1. Pause Further Surveillance Expansion
Asheville should avoid expanding camera integration systems, license plate reader infrastructure, and long-term surveillance software commitments until independent evidence demonstrates clear public safety benefits relative to cost.
Because many surveillance systems generate recurring software, storage, maintenance, and contract costs, slowing future expansion could likely avoid approximately $250,000–$500,000 annually in additional long-term obligations over the next several budget cycles.
2. Phase In or Defer a Portion of Proposed Staffing Expansion
Rather than immediately committing to the full proposed expansion of approximately 24 additional sworn positions, Asheville should consider phasing in or deferring a substantial portion of that growth while evaluating whether prevention-oriented approaches can reduce violence more effectively and at lower long-term cost.
Deferring even 10–15 fully staffed positions could potentially avoid roughly $1.5–3 million annually in future structural personnel obligations once salary, benefits, retirement, training, overtime, and equipment costs are included.
3. Create a Modest Community Violence Prevention Pilot Fund
Rather than building a large new bureaucracy, Asheville should begin with a modest pilot investment focused on youth outreach, conflict mediation, trauma-informed support, and community-based intervention partnerships.
An initial investment in the range of $250,000–$500,000 annually would allow Asheville to test prevention-oriented approaches at a scale more appropriate to the city’s size and fiscal environment.
Even after funding a modest prevention-oriented pilot initiative, Asheville could still potentially free up millions of dollars in long-term budget flexibility by slowing surveillance expansion and phasing in sworn staffing growth more gradually. A more restrained approach to surveillance expansion and staffing growth could potentially avoid approximately $750,000–$1.5 million annually in future structural costs.
Even after funding a modest prevention-oriented pilot program in the range of $250,000–$500,000 annually, Asheville could still potentially free up roughly $500,000–$1 million in budget flexibility.
Those savings could help reduce pressure for the proposed property tax increase while preserving existing community resources that already contribute to long-term public safety, including retaining current community center hours (instead of cutting them back), youth programming, transit access, park maintenance, housing stabilization efforts, and other neighborhood-based services.

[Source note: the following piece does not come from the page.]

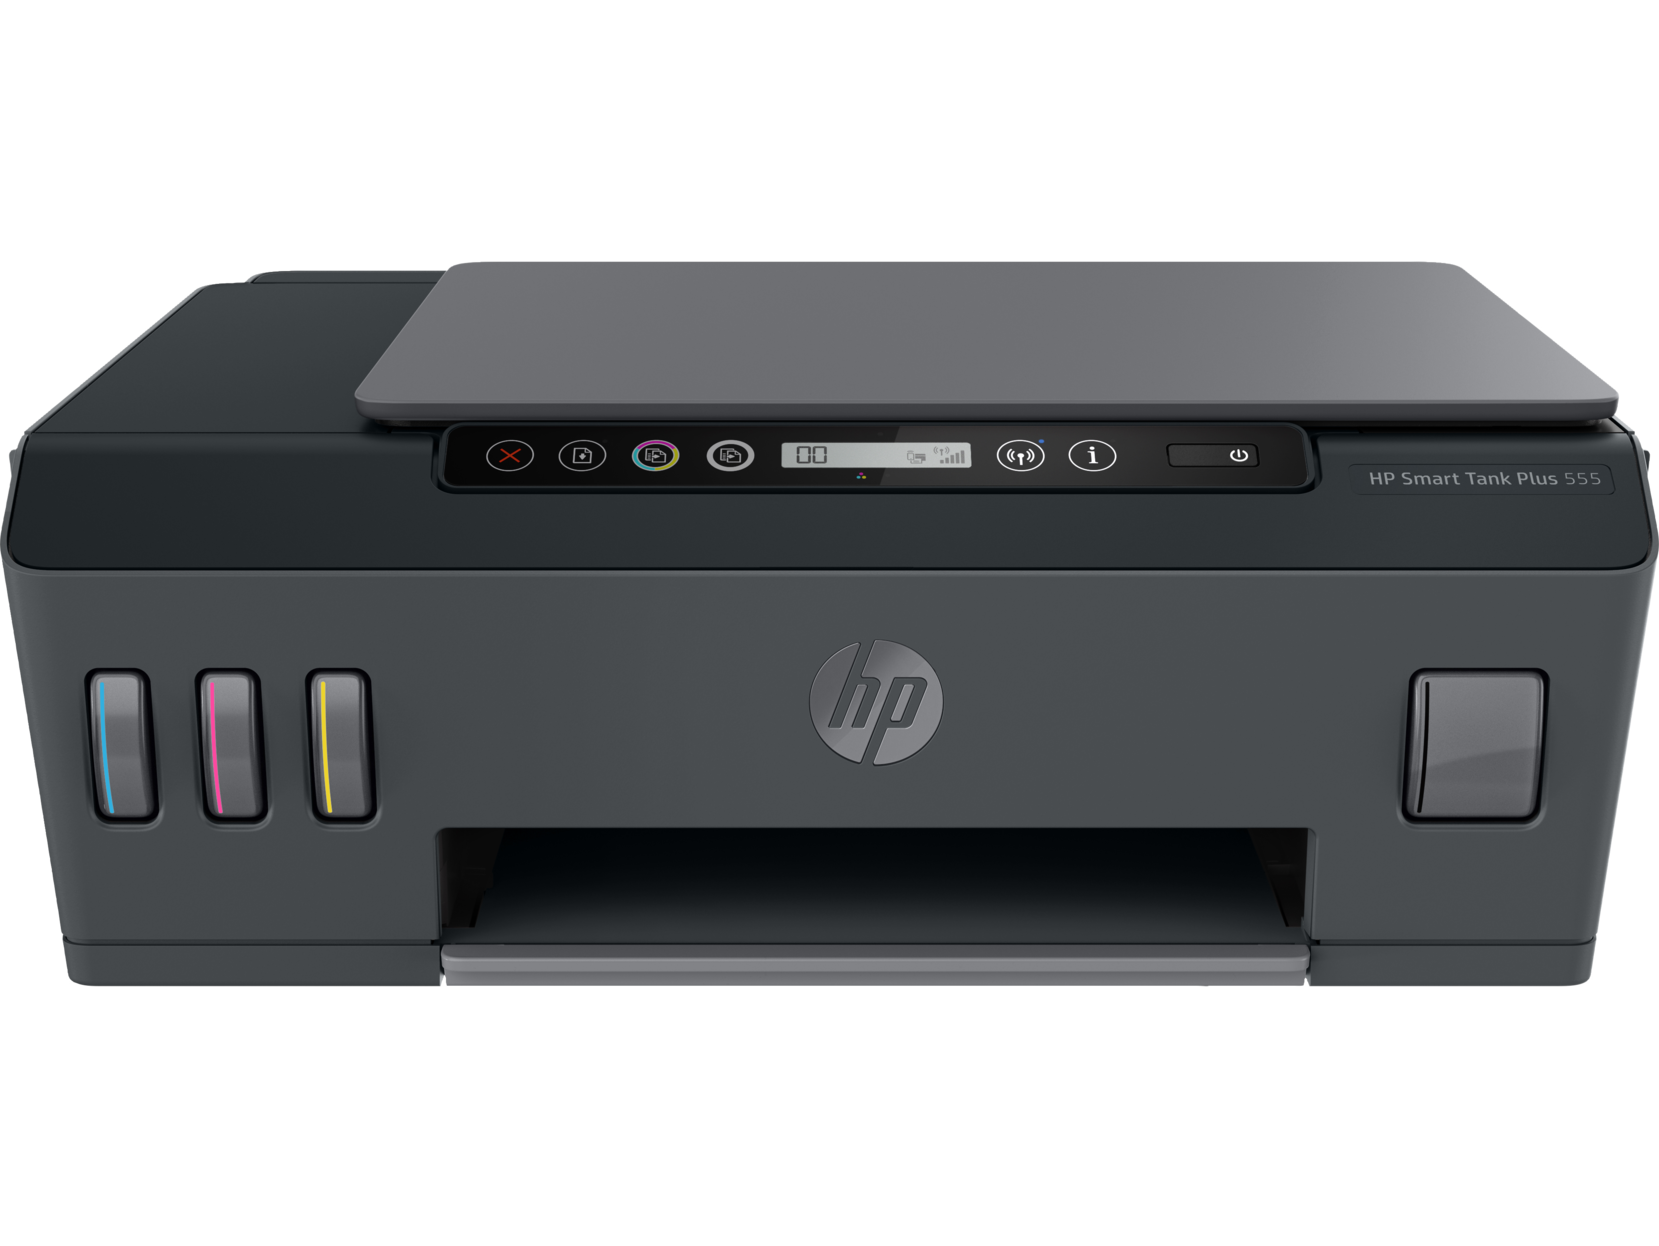 Impresora Tinta Hp smart tank 555 wifi copia escanea plus color imprime usb 2.0 direct app negro aio y bluetooth® de 11 4800 1200 a4

In other words, the choice is not simply between policing and CVI. It is also about whether Asheville will preserve the broader community infrastructure that helps prevent violence in the first place.
Conclusion
Asheville has a choice.
The city can continue doubling down on increasingly expensive surveillance systems, increased hiring, and reactive enforcement strategies, or it can begin building a public safety model rooted in prevention, trust, and evidence.
The research increasingly points in one direction: communities reduce violence most effectively when they invest in people before violence occurs.
A meaningful expansion of Community Violence Intervention programming — paired with restraint on large-scale surveillance and staffing expansion — would likely save more lives, strengthen community trust, and reduce long-term costs.
But the argument for prevention is not only financial. Every preventable act of violence leaves lasting harm for victims, families, neighborhoods, and often the individuals who commit violence in moments that may never have needed to escalate. A public safety system should not measure success only by how effectively it responds after tragedy occurs. It should also be judged by how much suffering it prevents in the first place.
In a moment of fiscal pressure and rising community concern, Asheville should choose prevention over escalation.